Run dagger run --help or dagger restart --help for the full option list (including the Slack notification flags --slack-channel / --slack-tag / --no-slack).

How dagger behaves 

Steps run sequentially 

Steps execute in the order listed, with a full barrier between them: every task in step N must finish before any task in step N+1 starts. Parallelism happens within a step – for example, a simulation step fans out into many parallel draw/seed tasks – but sibling steps never overlap.

Note

This is the key difference from psimulate, which fans a single simulation out across the cluster. If you list two simulation steps, they run one after the other, not concurrently.

Output directory layout 

There is a single workflow-level output_directory. Every run writes configuration.yaml and .workflow_args there (used by dagger restart). simulation steps additionally create a <model_name>/<timestamp>/ subdirectory beneath it, where model_name is derived from the artifact (or model specification) – for per-location artifacts this is effectively the location name. The timestamp is recorded in a .build_timestamp marker so that all simulation steps in the run share it; that marker is only written when the workflow contains a simulation step. Other step types write their worker logs and outputs directly under output_directory.

output_directory/
├── configuration.yaml          # the resolved workflow config (for restart)
├── .workflow_args              # persisted Jobmon workflow id (for restart)
├── .build_timestamp            # shared run timestamp (simulation steps only)
└── <model_name>/               # simulation steps only
    └── <timestamp>/            # one simulation step's results
        ├── results/
        ├── sim_backups/
        ├── metadata/
        └── logs/

Restart resumes the whole workflow 

dagger restart <output_directory> reloads configuration.yaml and the persisted .workflow_args written by the original run, then resumes the entire Jobmon workflow, skipping tasks that already completed. Tasks that failed or never ran are retried.

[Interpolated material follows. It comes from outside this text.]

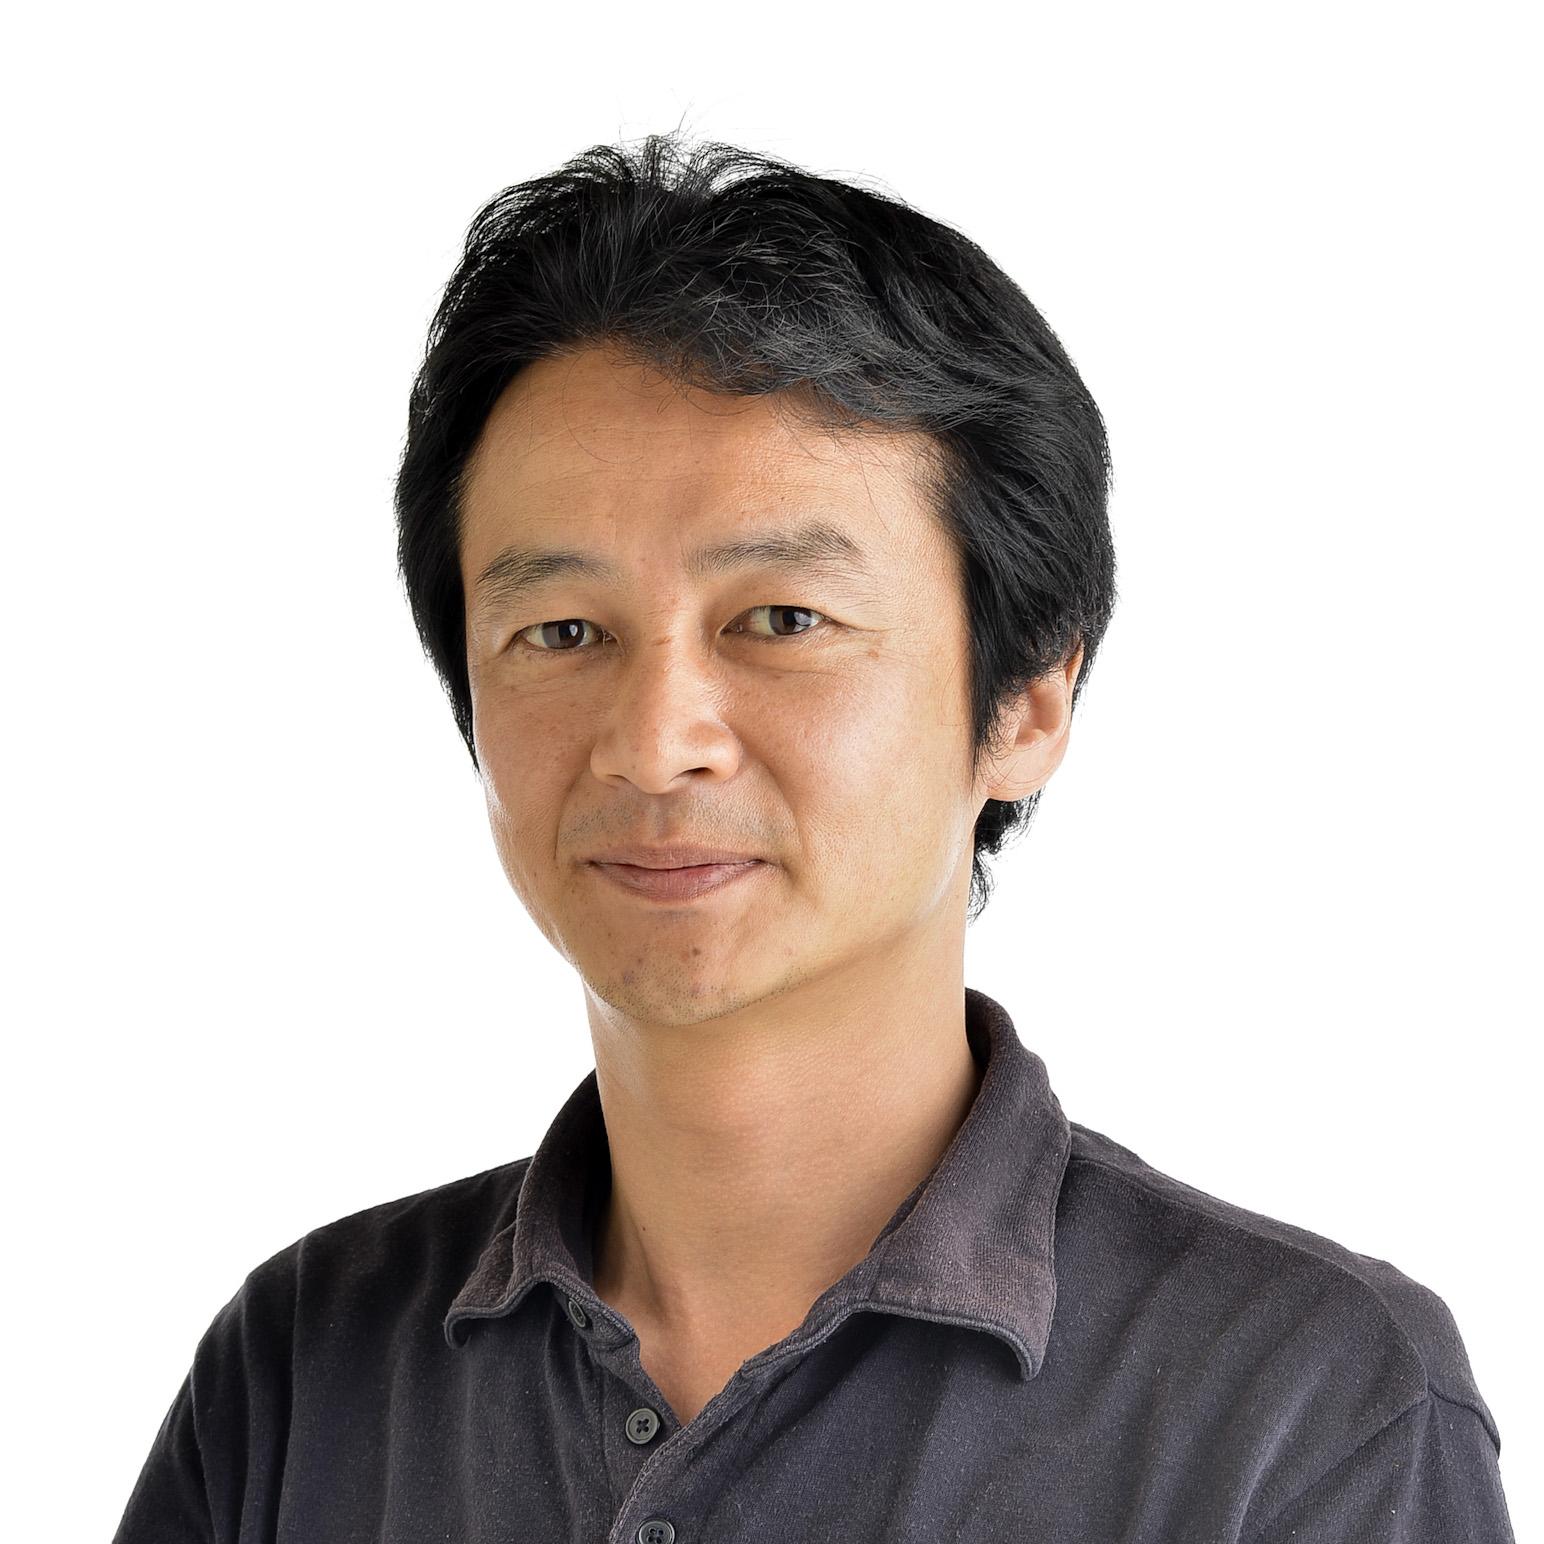 田川 尚吾

There is no per-step or per-task restart: restart always operates on the whole workflow. A task that already succeeded is skipped, so restart cannot be used to deliberately re-run a step that finished successfully.

Warning

Running a second dagger run into a populated directory overwrites it. configuration.yaml and .workflow_args are rewritten on every run, so a second run leaves the first one no longer restartable. And if the workflow contains a simulation step, that second run reuses the persisted .build_timestamp rather than creating a new timestamped run – so it writes into the first run’s <model_name>/<timestamp>/ directory and overwrites those results in place.

To guard against this, dagger run detects a previous run in the target output_directory (via the persisted .workflow_args) and prompts for confirmation before continuing; answering n aborts without changing anything. Still, prefer a fresh output_directory for each new workflow, and use dagger restart (not a second dagger run) to resume an interrupted one.